Re: Pg 16: will pg_dump & pg_restore be faster?

Andres Freund <andres@xxxxxxxxxxx> · Wed, 31 May 2023 06:45:52 -0700

Hi,

On 2023-05-30 21:13:08 -0400, Bruce Momjian wrote:
> On Wed, May 31, 2023 at 09:14:20AM +1200, David Rowley wrote:
> > On Wed, 31 May 2023 at 08:54, Ron <ronljohnsonjr@xxxxxxxxx> wrote:
> > > https://www.postgresql.org/about/news/postgresql-16-beta-1-released-2643/
> > > says "PostgreSQL 16 can also improve the performance of concurrent bulk
> > > loading of data using COPY up to 300%."
> > >
> > > Since pg_dump & pg_restore use COPY (or something very similar), will the
> > > speed increase translate to higher speeds for those utilities?
> > 
> > I think the improvements to relation extension only help when multiple
> > backends need to extend the relation at the same time.  pg_restore can
> > have multiple workers, but the tasks that each worker performs are
> > only divided as far as an entire table, i.e. 2 workers will never be
> > working on the same table at the same time.
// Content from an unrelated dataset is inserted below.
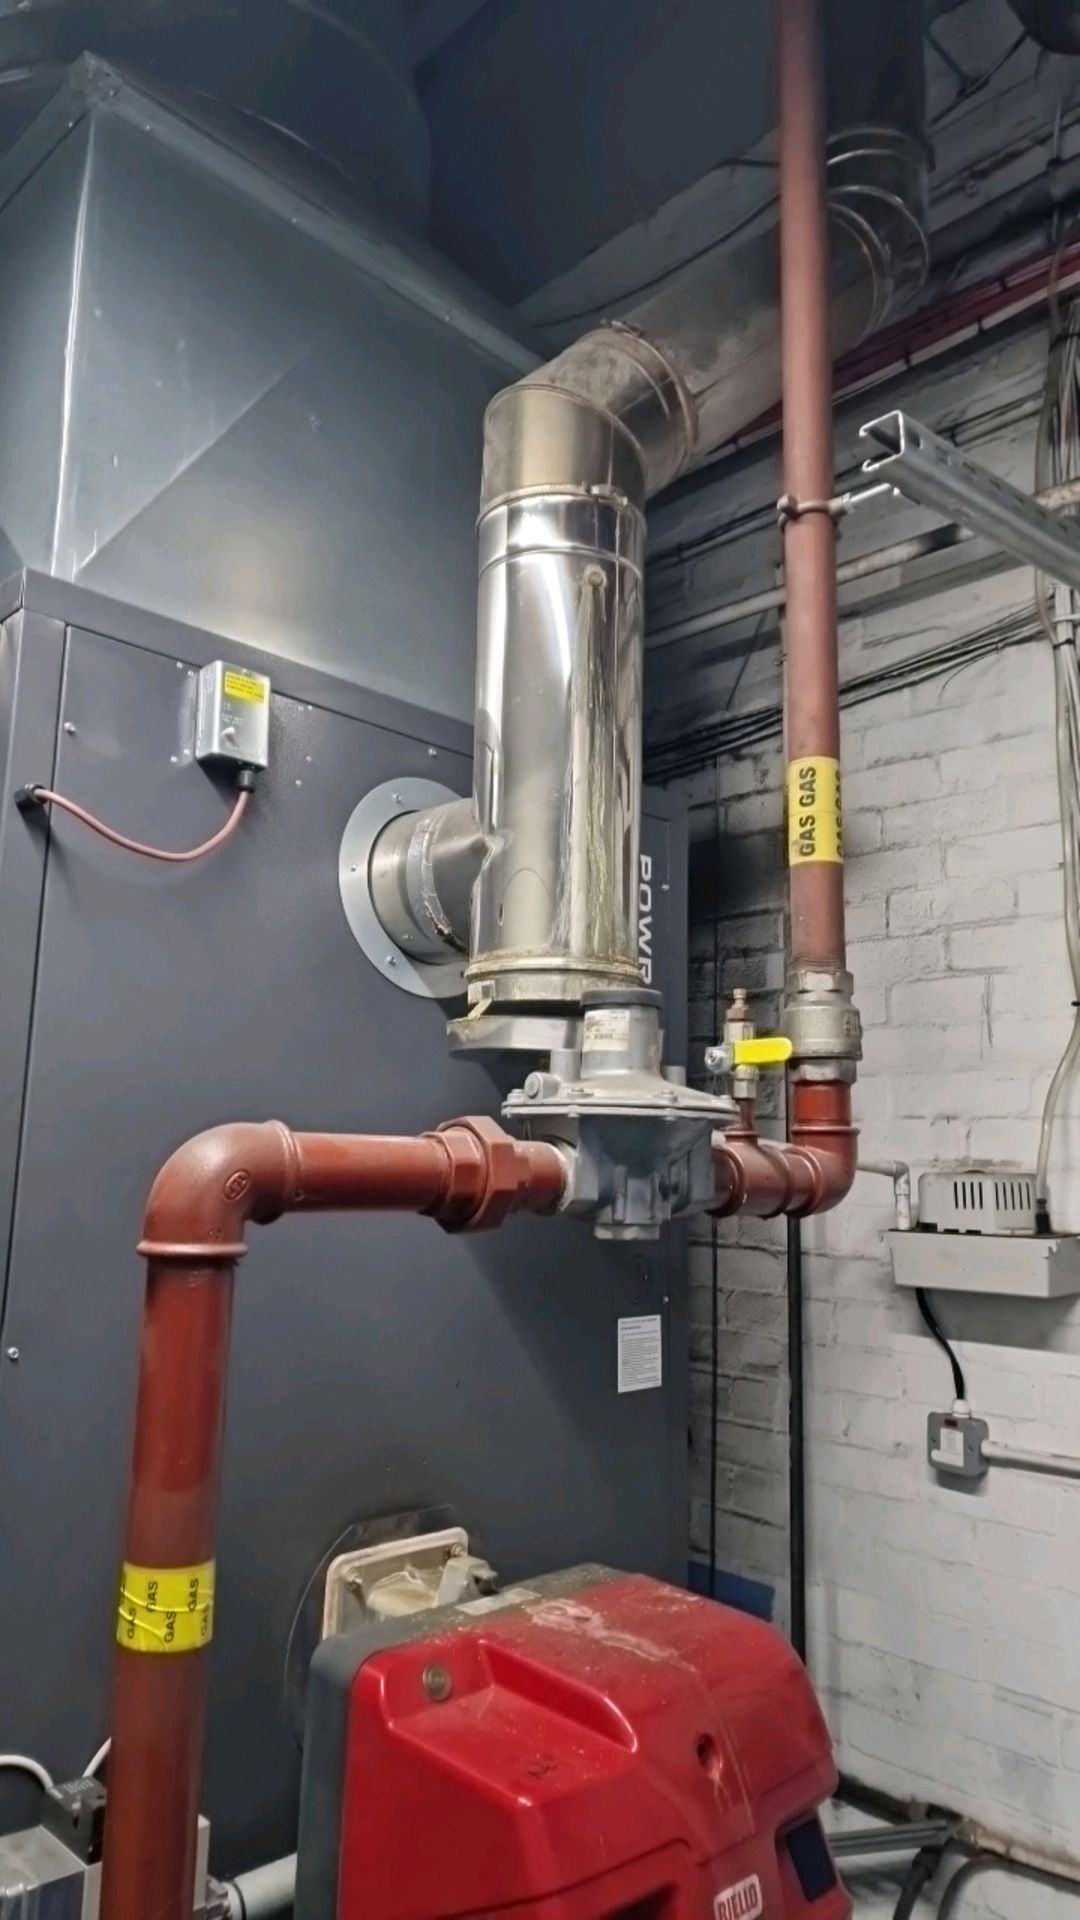 Powrmatic Industrial Heating Unit - Bild 7 aus 8

So there is no concurrency
> > in terms of 2 or more workers working on loading data into the same
> > table at the same time.
> > 
> > It might be an interesting project now that we have TidRange scans, to
> > have pg_dump split larger tables into chunks so that they can be
> > restored in parallel.
> 
> Uh, the release notes say:
> 
> 	<!--
> 	Author: Andres Freund <andres@xxxxxxxxxxx>
> 	2023-04-06 [00d1e02be] hio: Use ExtendBufferedRelBy() to extend tables more eff
> 	Author: Andres Freund <andres@xxxxxxxxxxx>
> 	2023-04-06 [26158b852] Use ExtendBufferedRelTo() in XLogReadBufferExtended()
> 	-->
> 	
> 	<listitem>
> 	<para>
> 	Allow more efficient addition of heap and index pages (Andres Freund)
> 	</para>
> 	</listitem>
> 
> There is no mention of concurrency being a requirement.  Is it wrong?  I
> think there was a question of whether you had to add _multiple_ blocks
> ot get a benefit, not if concurrency was needed.  This email about the
> release notes didn't mention the concurrent requirement:

> 	https://www.postgresql.org/message-id/20230521171341.jjxykfsefsek4kzj%40awork3.anarazel.de

There's multiple improvements that work together to get the overall
improvement. One part of that is filesystem interactions, another is holding
the relation extension lock for a *much* shorter time. The former helps
regardless of concurrency, the latter only with concurrency.

Regards,

Andres